▶ _DATASET SECTION_

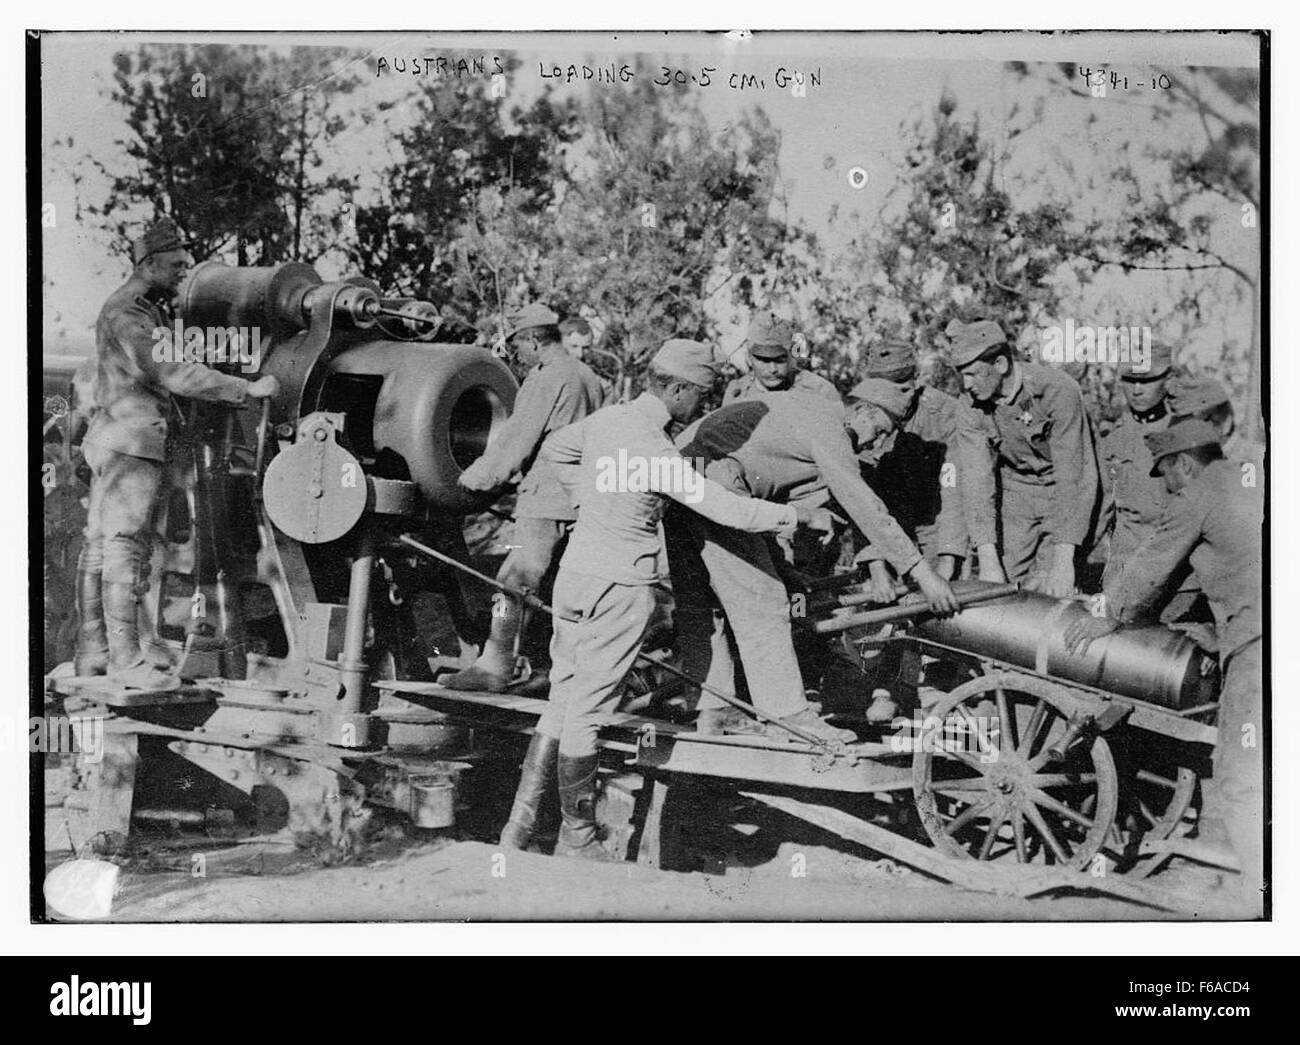 Austrians loading 305 cm gun Stock Photo - Alamy
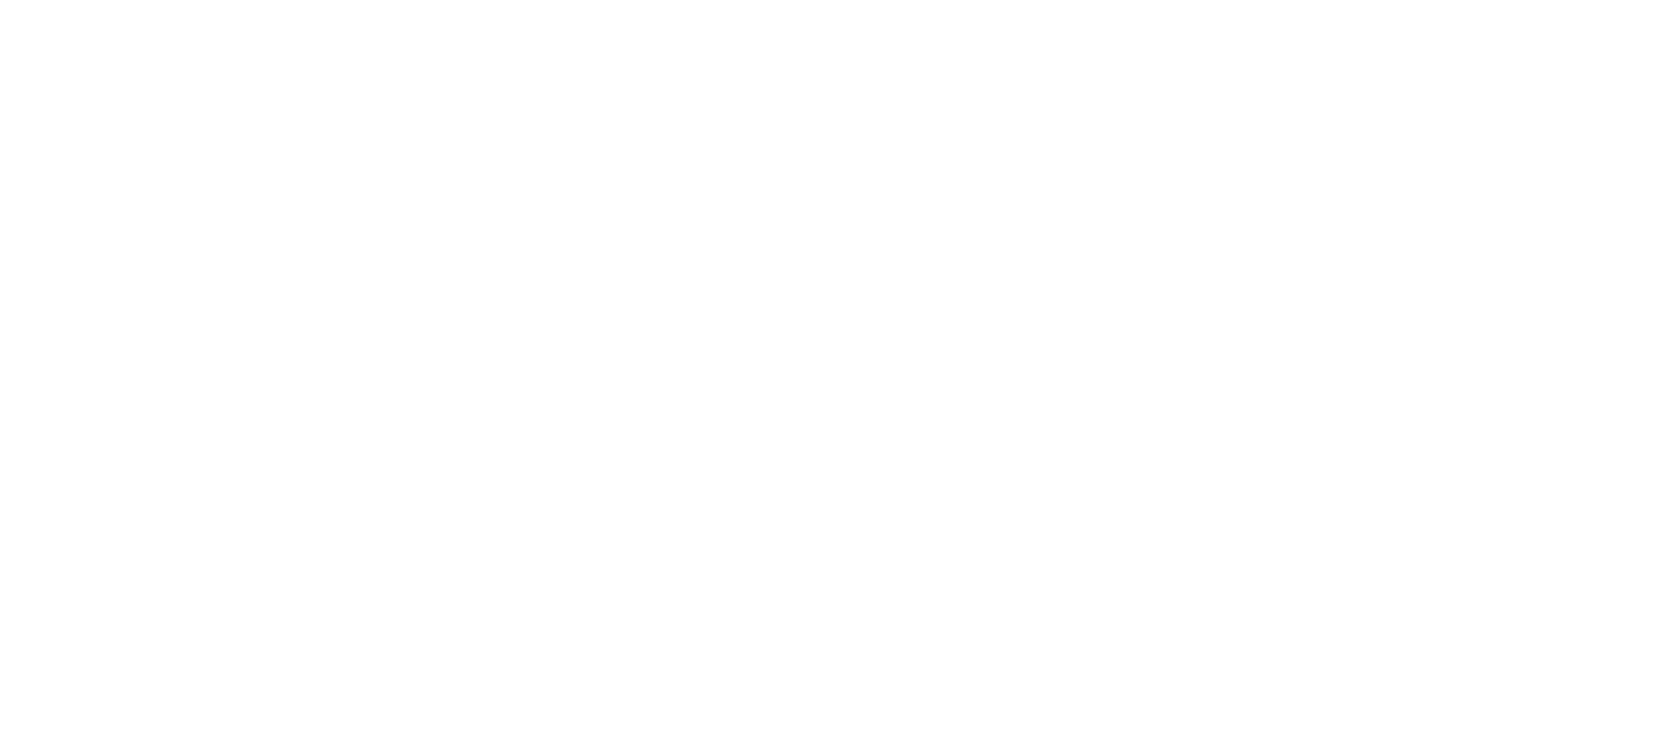 TN-Group
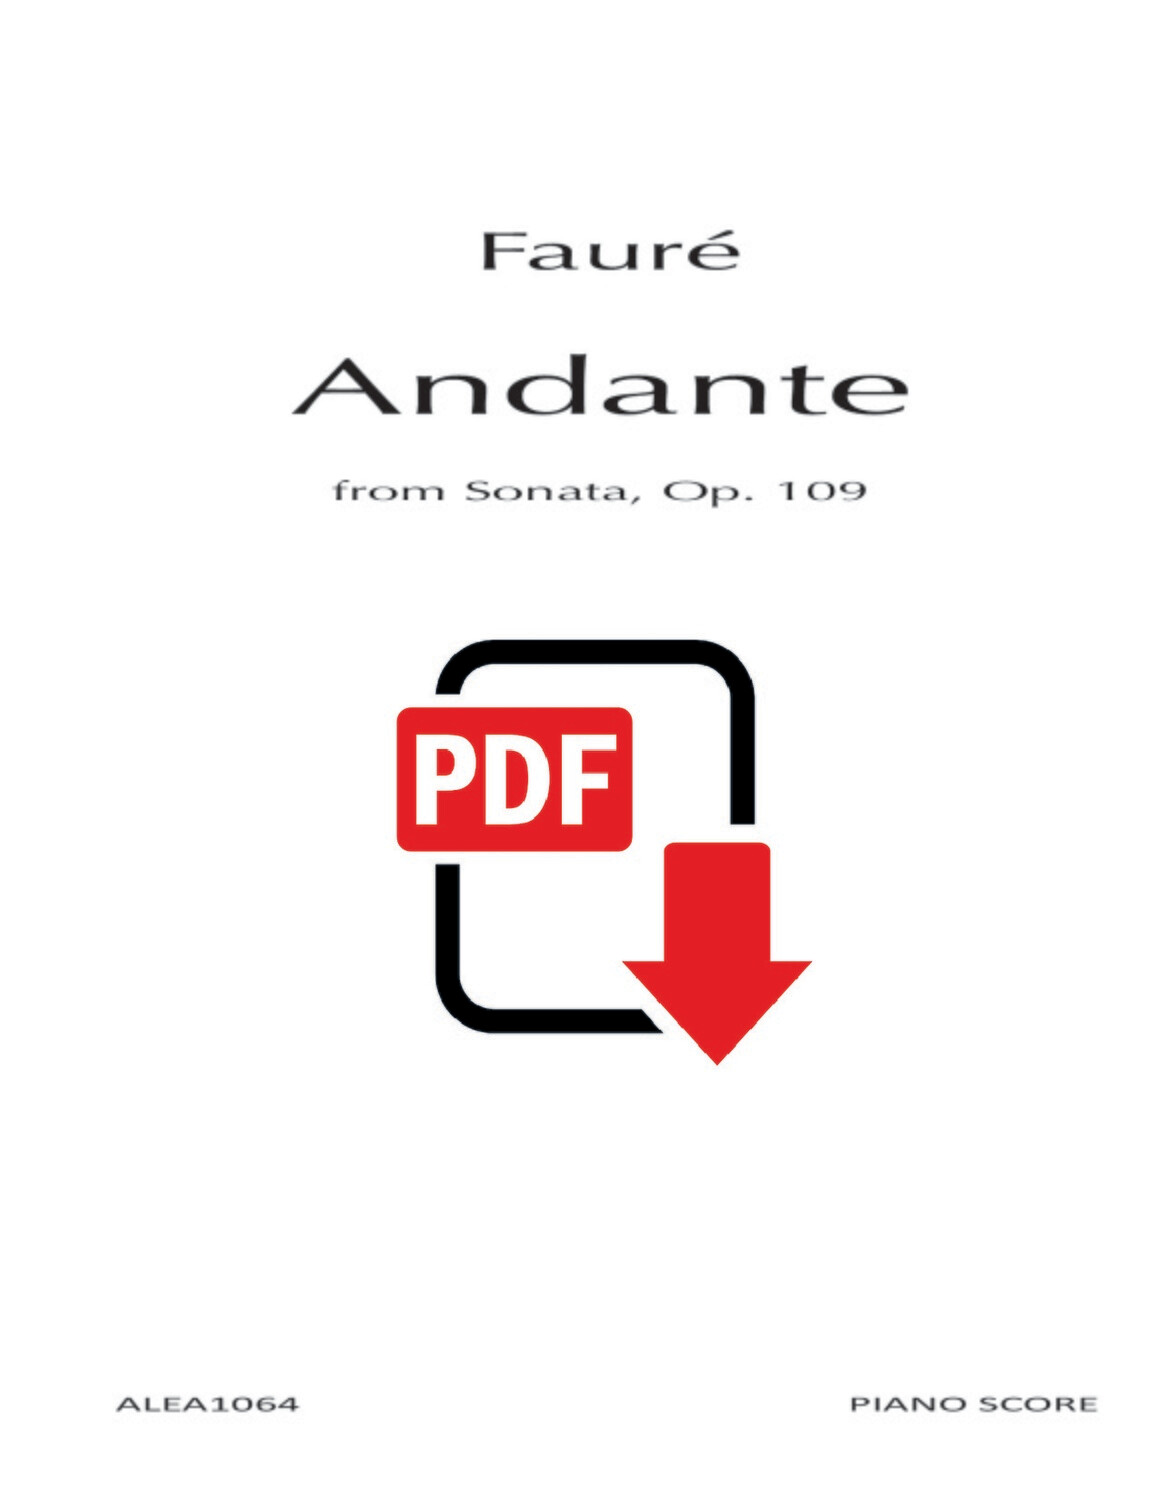 Faure: Andante from Sonata Op.109 (PDF)
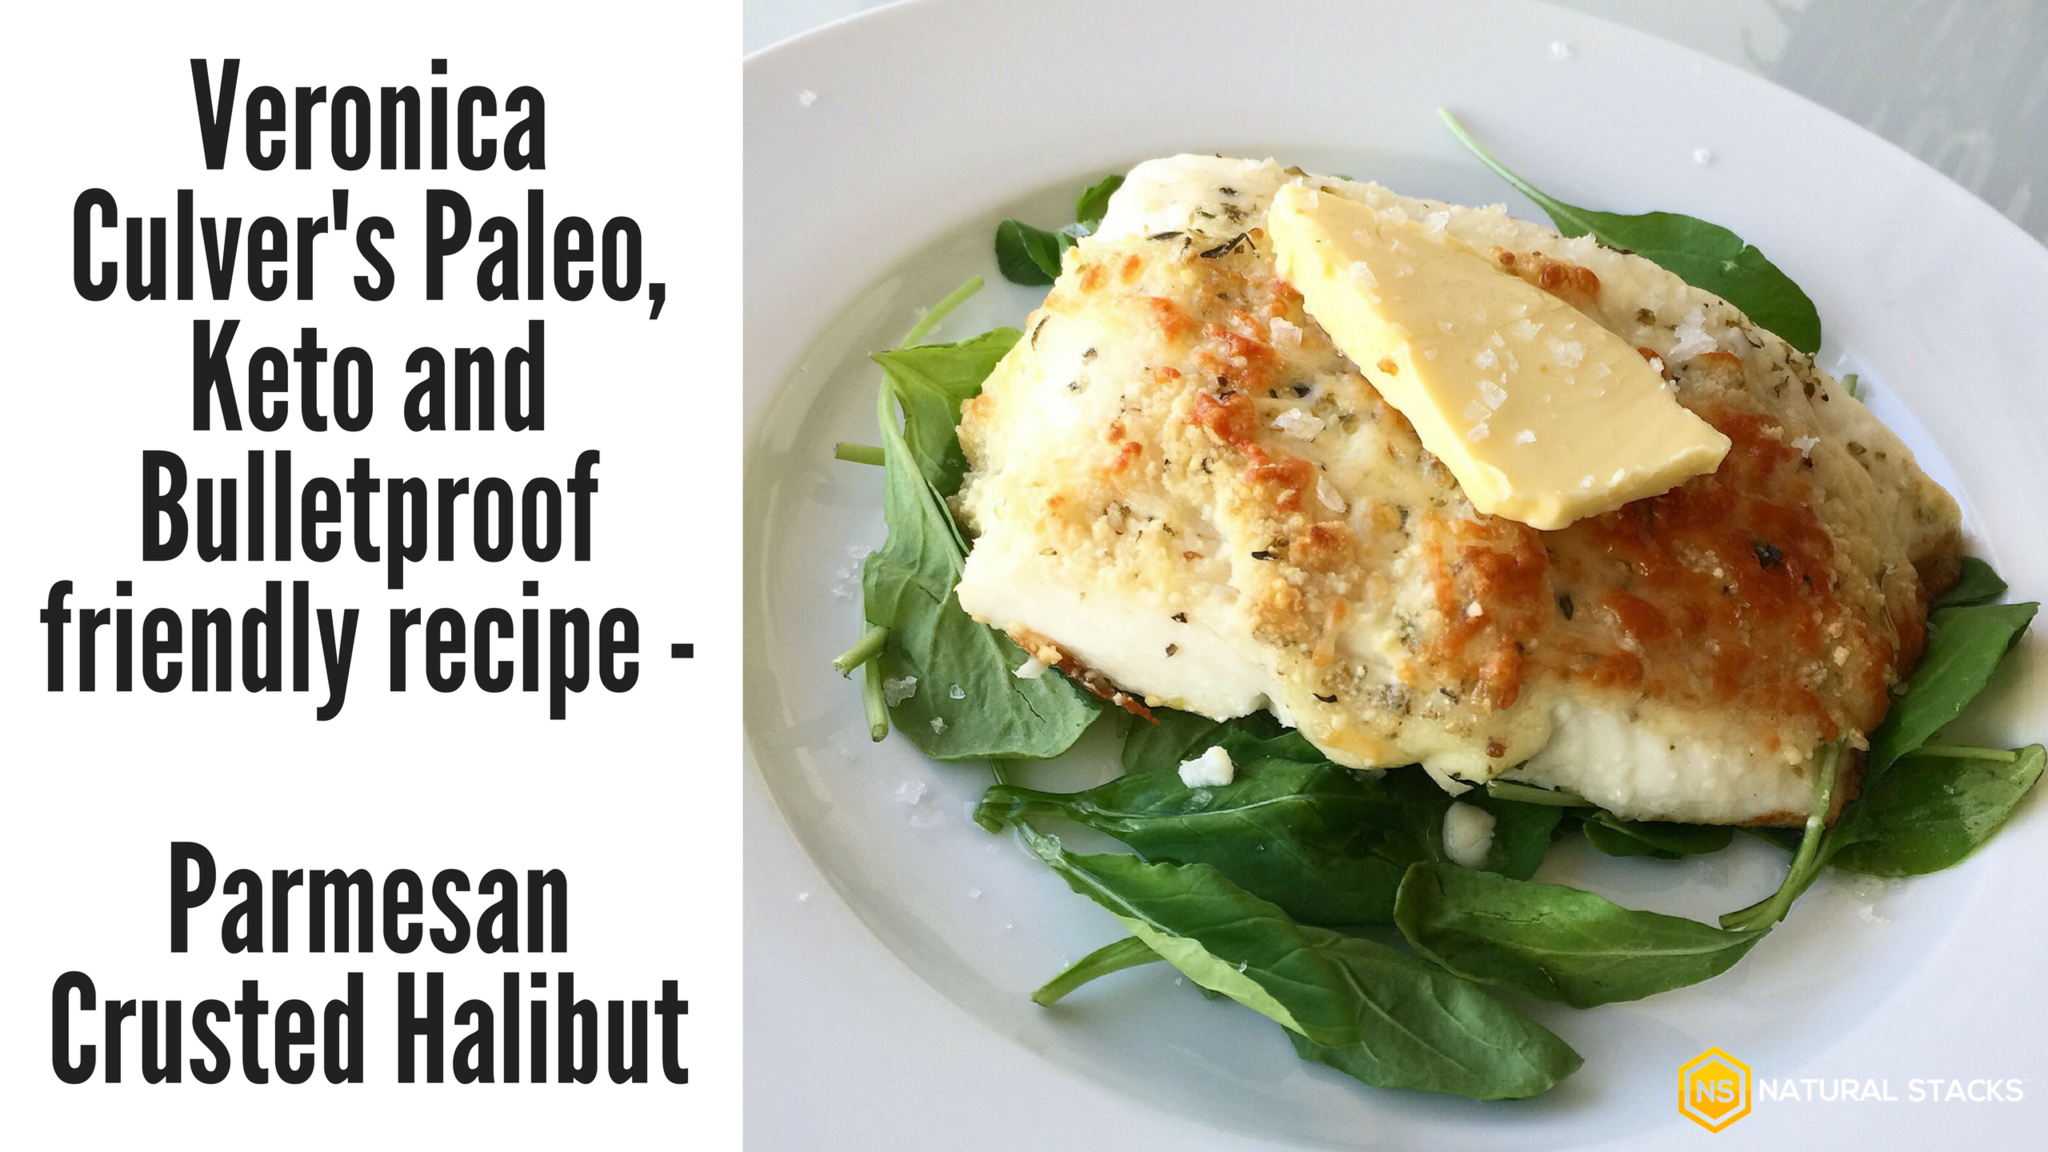 Veronica Culver's Paleo, Keto and Bulletproof Friendly Recipe: Parmesan Crusted Halibut

▶ _TASK PROMPT_
Whenever a picture appears in the listing, leave it out; copy everything else exactly.

▶ _PROBLEM SOLUTION_
 Austrians loading 305 cm gun Stock Photo - Alamy
 TN-Group
 Faure: Andante from Sonata Op.109 (PDF)
 Veronica Culver's Paleo, Keto and Bulletproof Friendly Recipe: Parmesan Crusted Halibut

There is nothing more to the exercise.